Is a Rising Yield Curve Bullish or Bearish?
July 24, 2013
Chad Karnes, Chief Market Strategist
Add the yield curve to a long list of concerns for the rising stock market (NYSEARCA:DIA).
This past month’s bond rout (NYSEARCA:AGG) has done more than just raise interest rates, it has raised the yield curve, and historically that has not been a good thing for the equity markets.
As usual, though, the mainstream media and experts are getting it wrong when it comes to a steepening yield curve.
ING Investment Management recently exclaimed concerning a steepening yield curve, “Over the next couple of years, equity returns will start to outperform fixed income returns. We are also seeing yield curves steepening, which is also positive for cyclical and value equities.”
Another headline states, “Nothing bankers like more than a steepening yield curve”.
ING and the other so called experts need to look at the chart below (or any chart for that matter), as history begs to differ.
The History of the Yield Curve
As the yield curve steepens, the difference or spread between long-term and short-term interest rates increases. This causes long-term bonds to decrease in value relative to bonds with shorter maturities.
WATCH: The One Indicator that Tells Us the Market's Mood
The chart below along with our outlook for Treasuries was recently provided to subscribers of our ETF Profit Strategy Newsletter and shows the ten year (NYSEARCA:IEF) less the two year (NYSEARCA:SHY) Treasury yield spread in red (also known as the yield curve).
The S&P 500 (NYSEARCA:SPY) is also shown in blue for comparison. Over the past 25 years, the yield curve has started steepening sharply three times, in 1990, 2000, and 2007. If these dates don’t scare you, they should, as they all marked significant equity price and economic peaks.
The vertical lines in blue mark the yield curve bottoms that occurred just before the recent quick steepenings of the yield curve. Every time the curve steepened sharply, the market soon after peaked.
Contrary to popular belief, a steepening yield curve is not bullish for equities.
Theory Does not Reflect Reality
Many pundits and economists will suggest that a steepening yield curve is “good for the economy” as it’s a sign of future growth and inflation.
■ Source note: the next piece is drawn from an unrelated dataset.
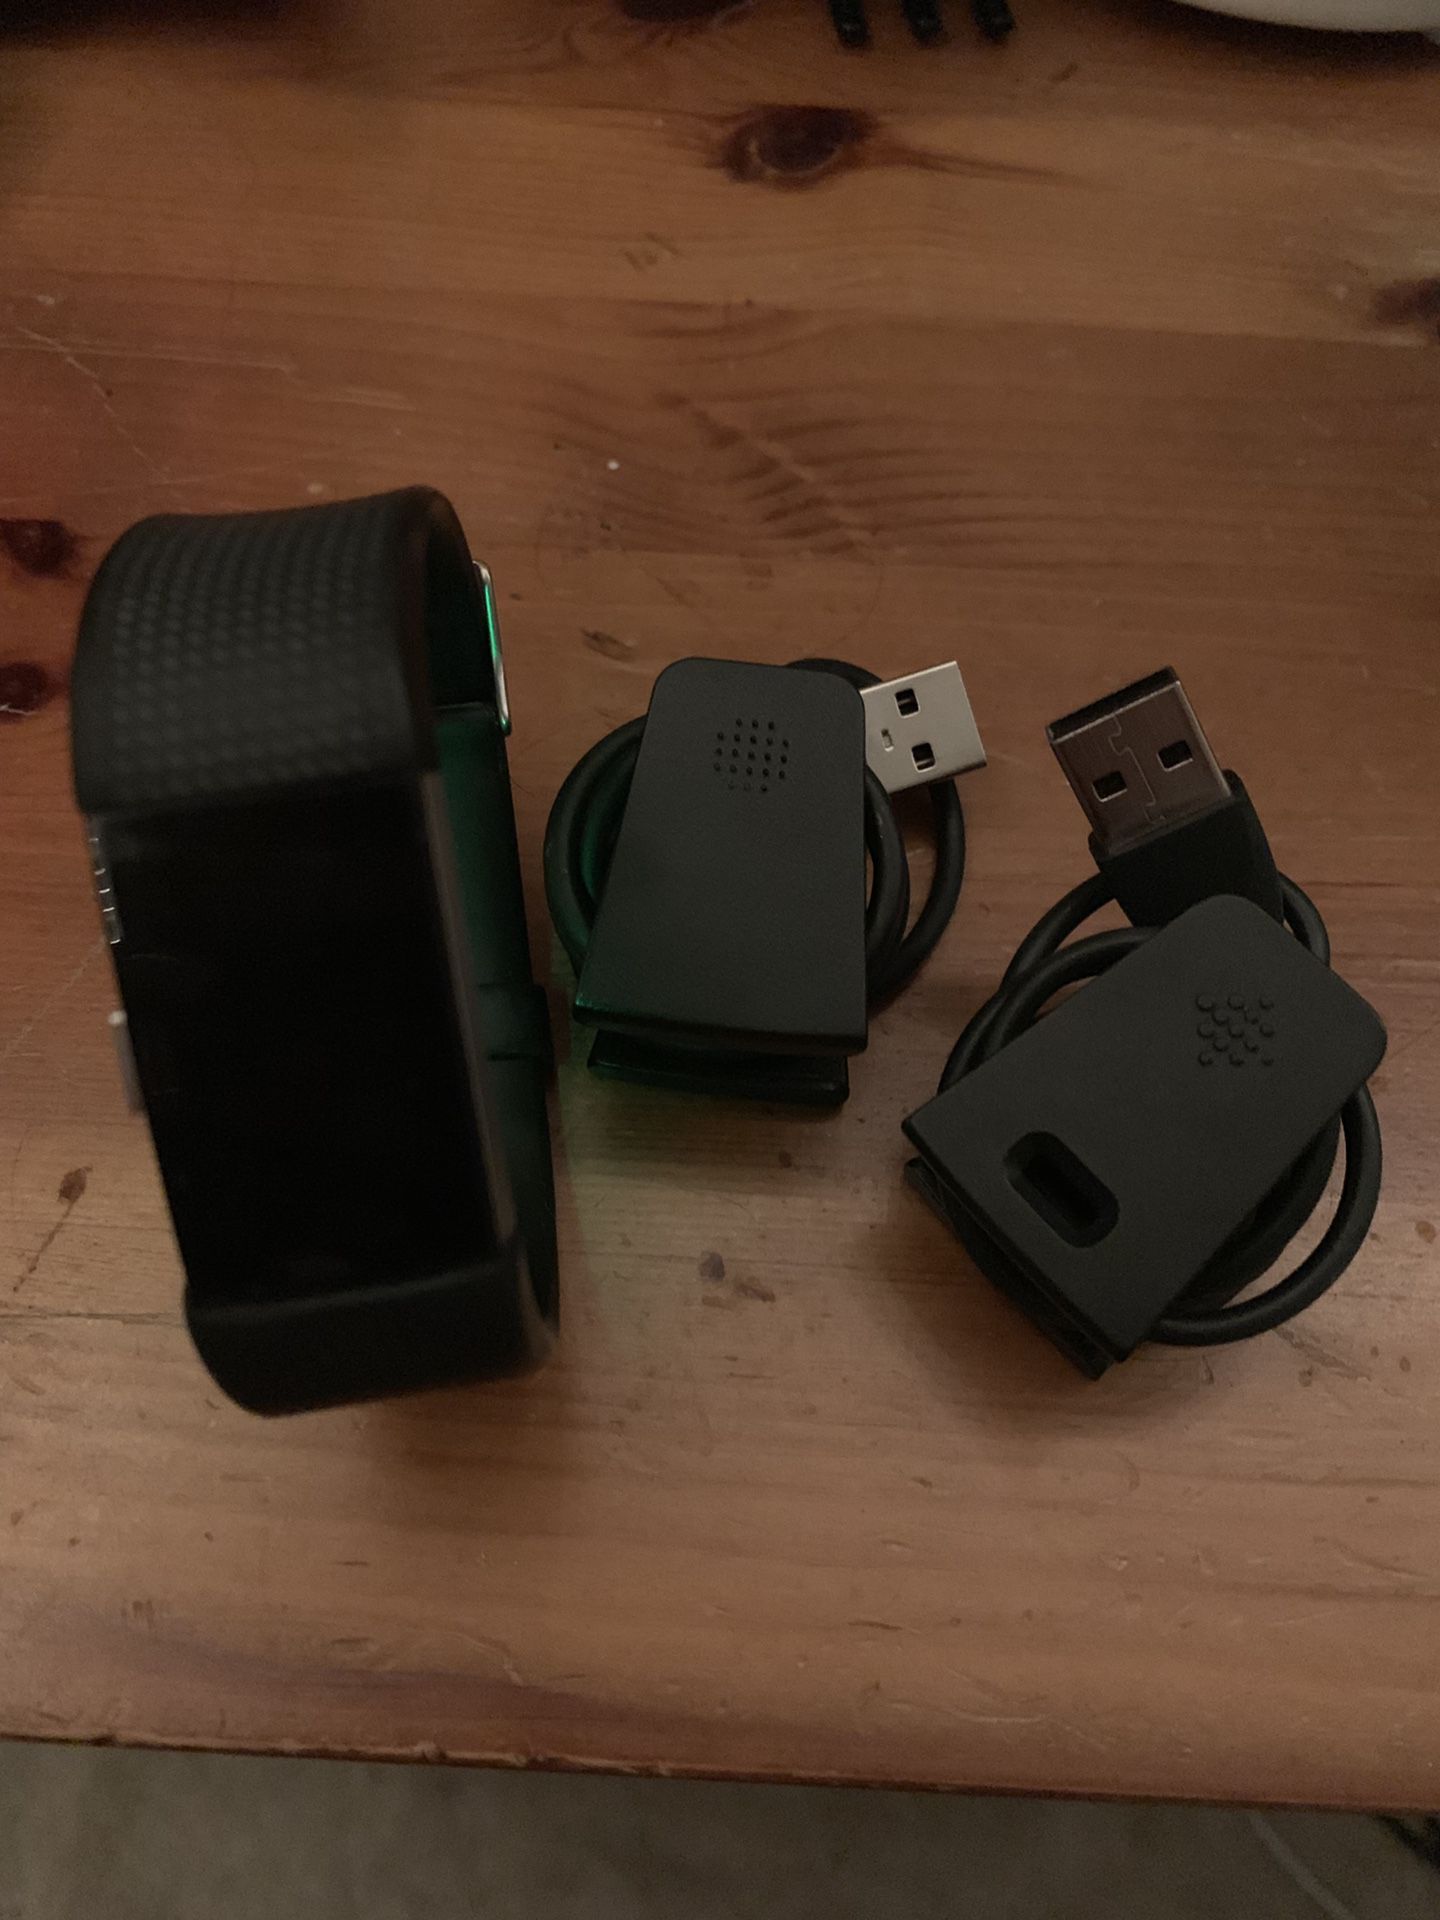 Charge 2 Fitbit + 2 chargers

Ignore them and their theories.
One justification they provide is that the steepening yield curve is great for banks and thus great for the economy. From the Wall Street Journal, “The steepening is definitely good for banks, as banks (NYSEARCA:FAS) these days make their money on the net income margin”. Well, if it’s good for banks (NYSEARCA:XLF), it stops at their margins as their stocks got creamed during previous curve steepenings (in reality their margins were not improved during previous steepenings).
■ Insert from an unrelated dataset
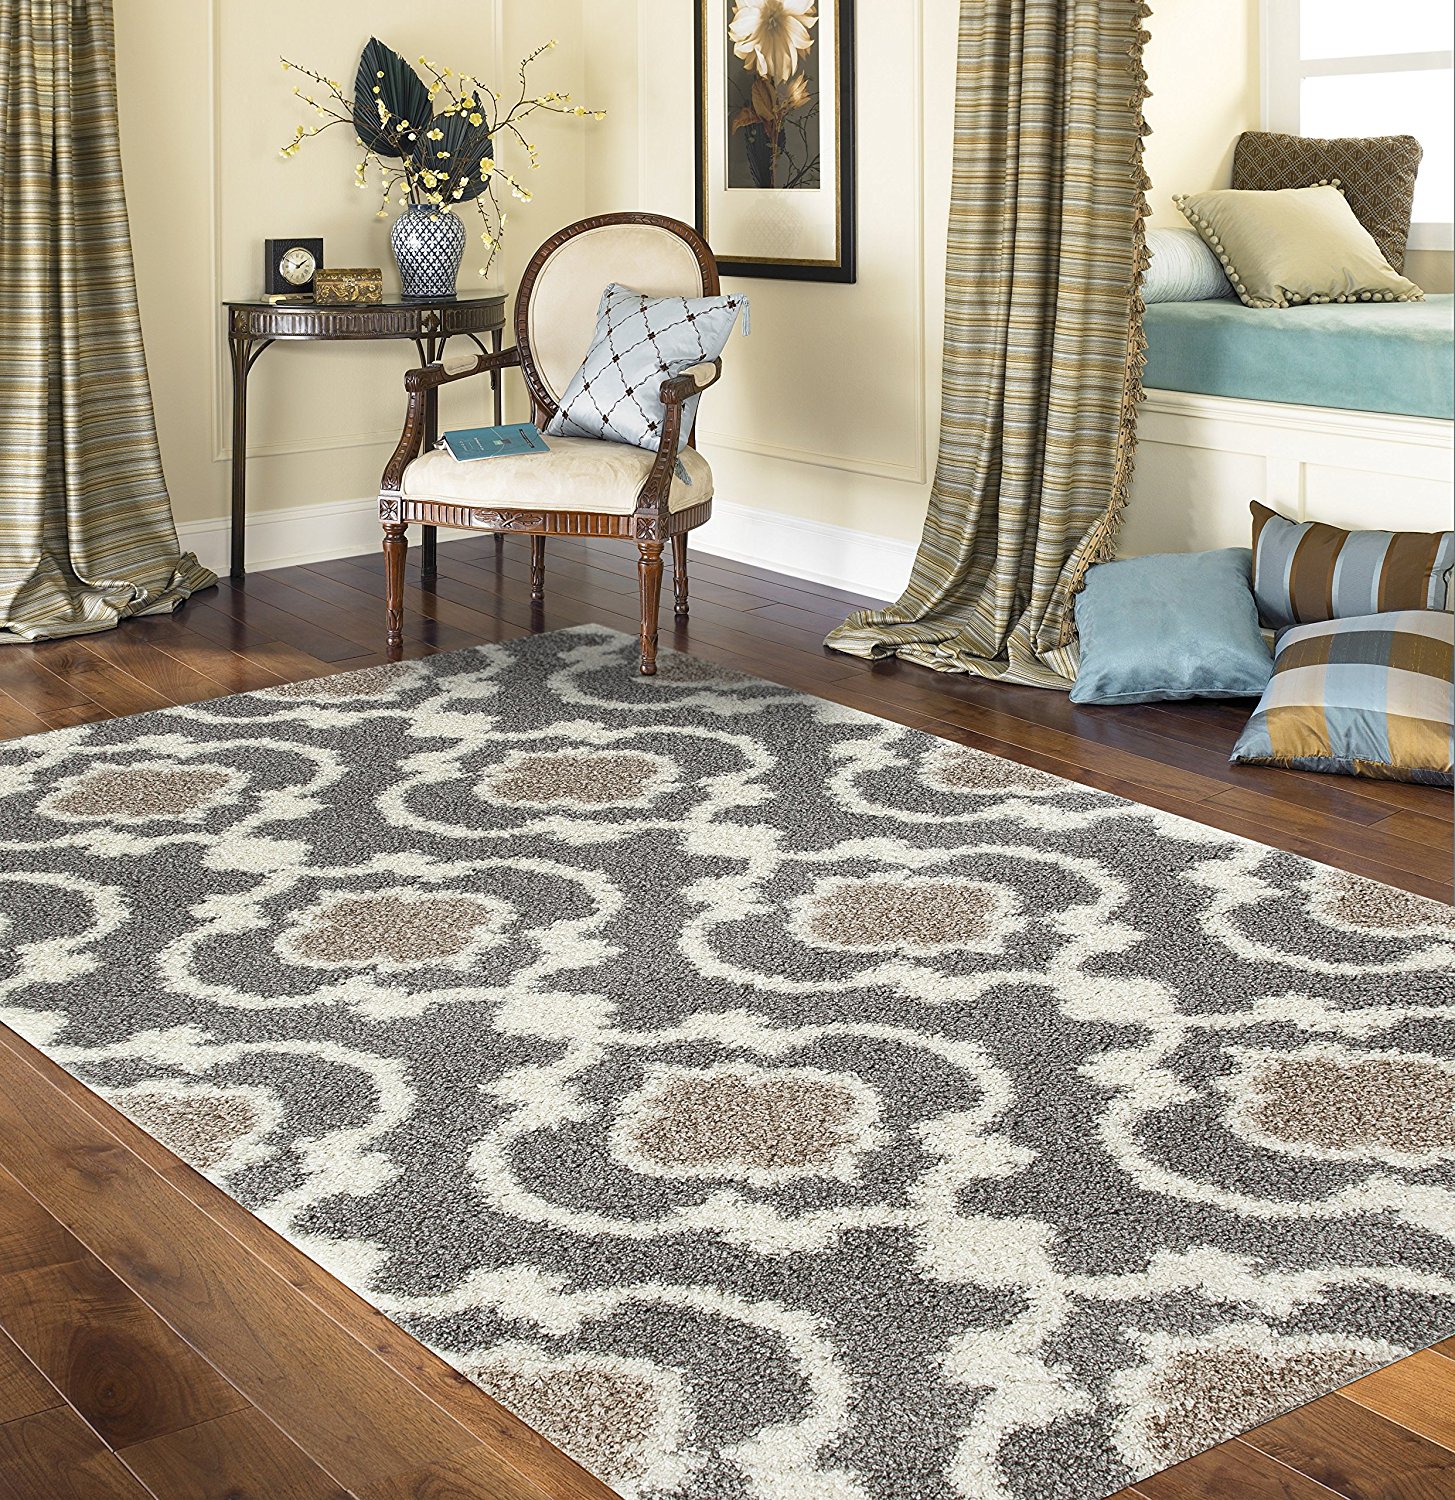 Using shag area rugs is quite beneficial for your house

Another popular argument is that a rising yield curve suggests an improving economic environment as Business Insider recently suggested, “When yields are rising from a low level, they reflect improving prospects for economic growth”. Maybe in theory, but a glance at reality suggests otherwise.
Profiting from the Curve
A better explanation for a steepening yield curve may be a dash for cash. A steepening yield curve means the ten year Treasury price is falling faster than the two year. As the yield curve steepens more money is being sent into the safer, less volatile shorter end of the curve as opposed to the longer end. This drives the curve higher and suggests that during times of steepening, fear and a rush for safety are actually dominating the markets. This makes more sense given the equity market declines that have soon followed.
This is why we have been suggesting to our subscribers a move into the shorter-term Treasuries such as SHY and IEF (NYSEARCA:IEF). In our twice weekly Technical Forecast after Bernanke’s testimony on 5/22 we wrote:
“The Fed spooked Treasuries today and the IEF now closed below its 200 day moving average. The medium term uptrend in bonds is over.”
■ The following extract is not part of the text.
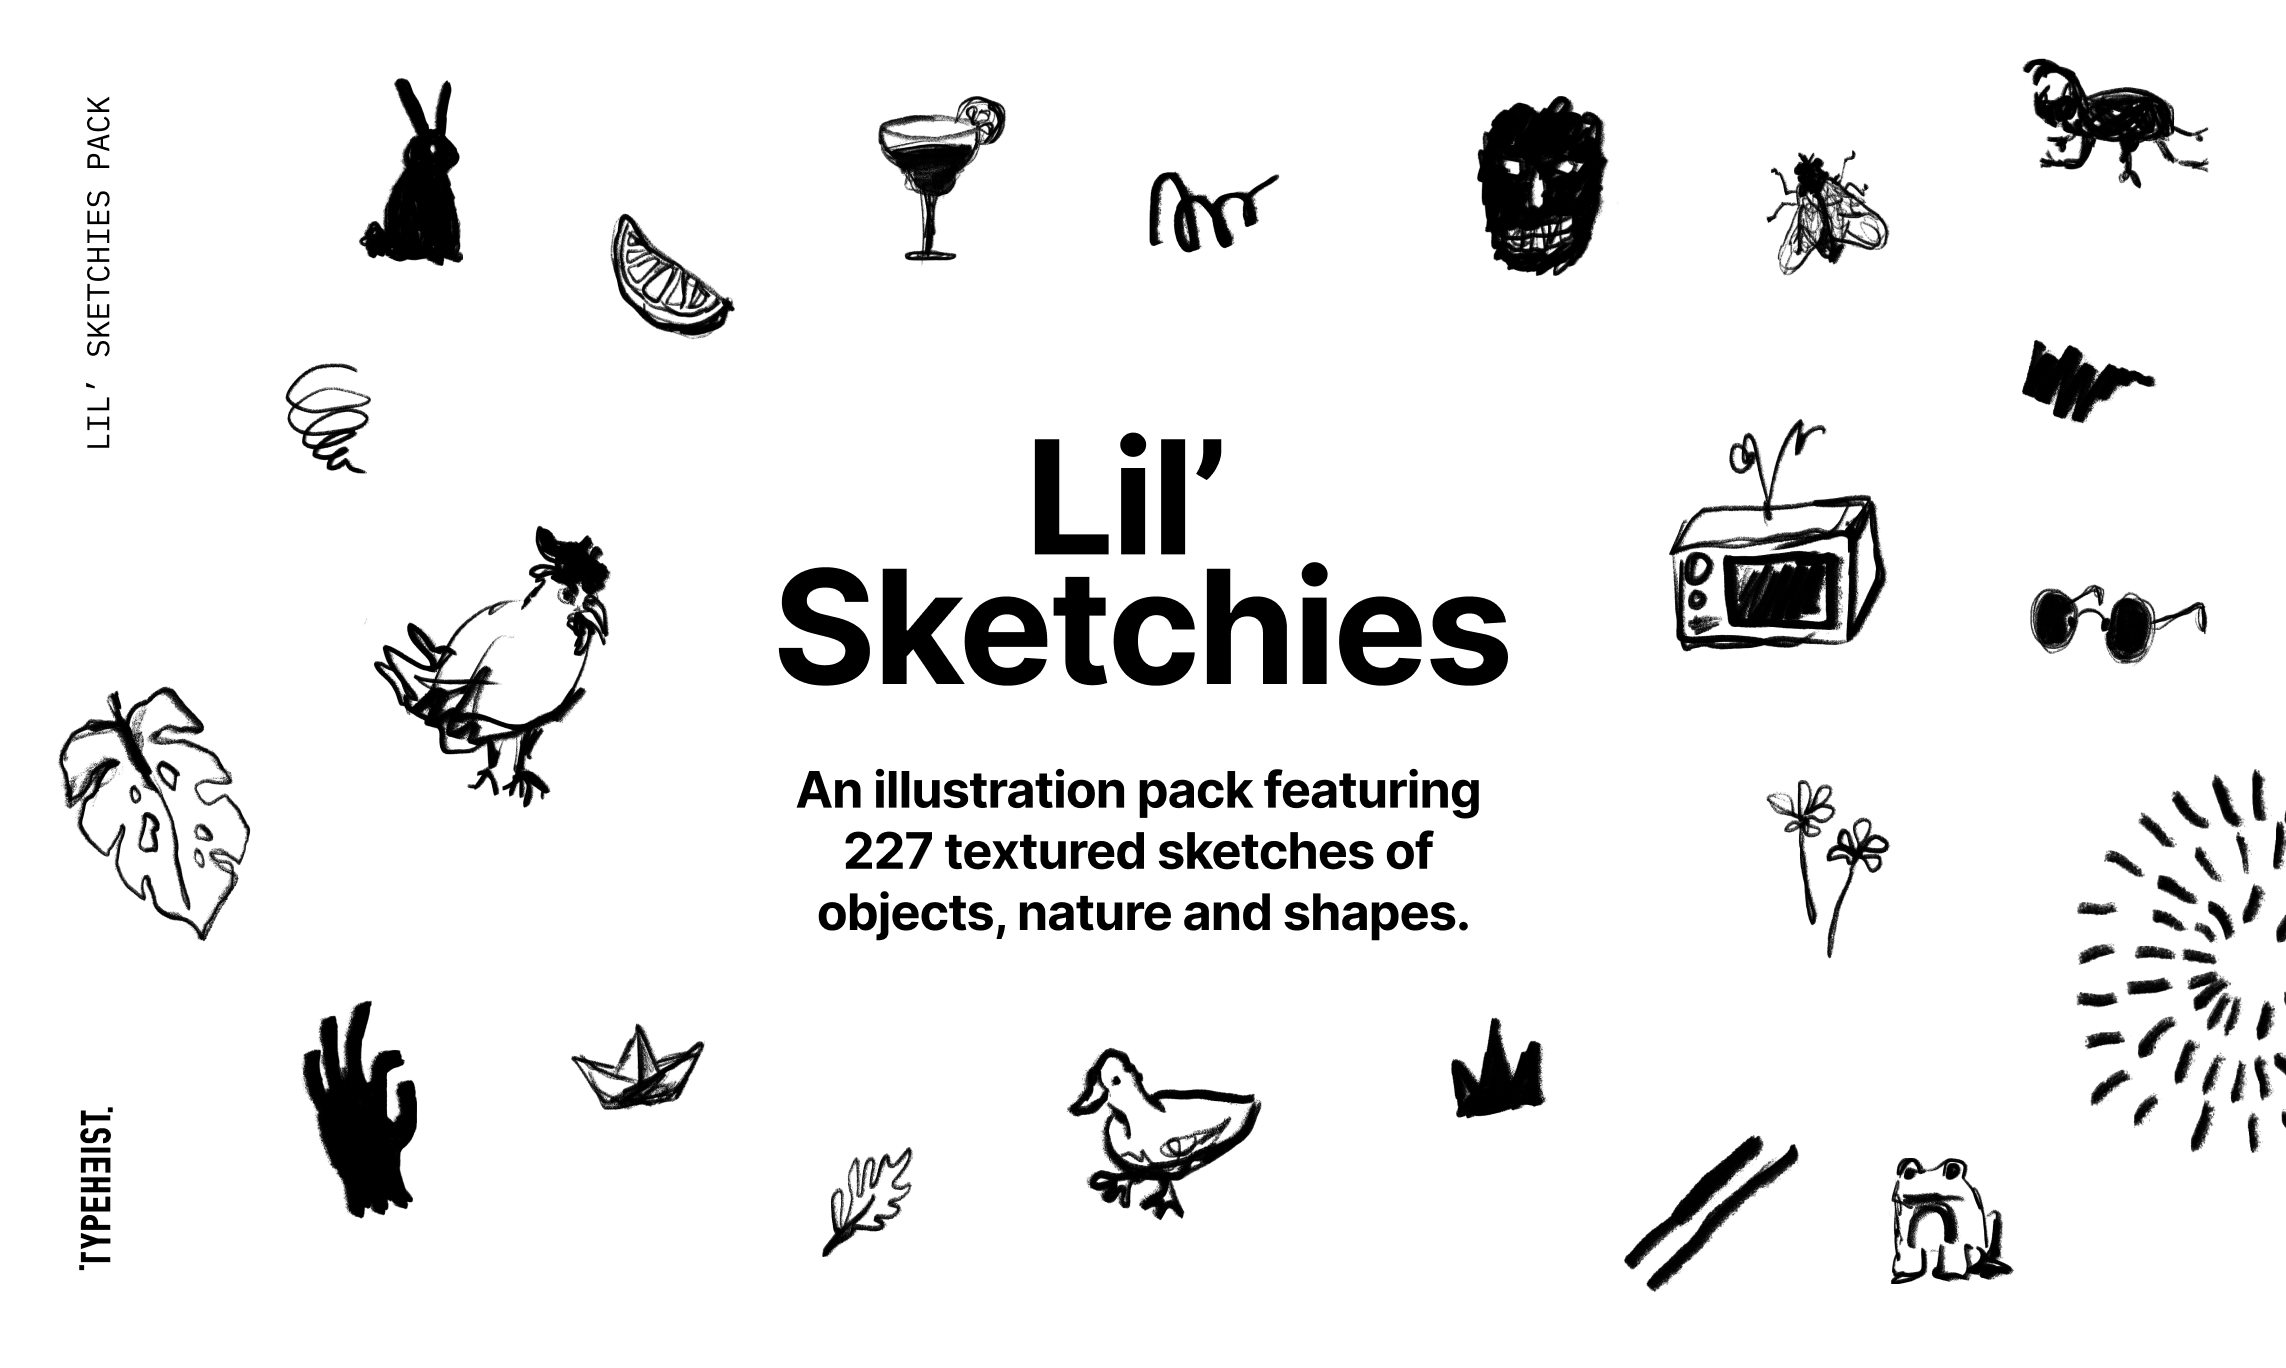 startuptile Lil’ Sketchies-227 textured sketches of objects nature shapes and social.

We followed up on 6/12 by writing:
“SHY shows how little the short end of the Treasury curve has been affected by the recent bond scare. Parking your money here keeps the downside risk much smaller than JNK (NYSEARCA:JNK), HYD (NYSEARCA:HYD), MUB (NYSEARCA:MUB), or even TLT (NYSEARCA:TLT)."
Since our 5/22 alert, 2x and 3x inverse long-term Treasury bond ETFs (NYSEARCA:TBT) have surged between 11% and 15.37%. By comparison, the total U.S. bond market has been dead money in 2013 and is down 3% year-to-date. Our alert about moving into SHY alone saved TLT investors over 5% of losses!
Besides moving to safer shorter-dated Treasuries, another way to play a steepening curve is to buy the iPath Treasury Steepener ETN (NYSEARCA:STPP). It has already rallied over 15% since May and would benefit if the yield curve keeps steepening. Past steepenings have sent the yield curve over 250 basis points higher from its lows. If that again is the case, then the yield curve still would have over 150 basis points of move higher, providing a windfall for STPP owners.
More aggressive traders or yield curve hedgers may also look into the iPath 10 Year Bear ETN (NYSEARCA:DTYS). This product aims to move inversely to the 10-year Treasury and should capitalize on a continued deterioration of Treasuries.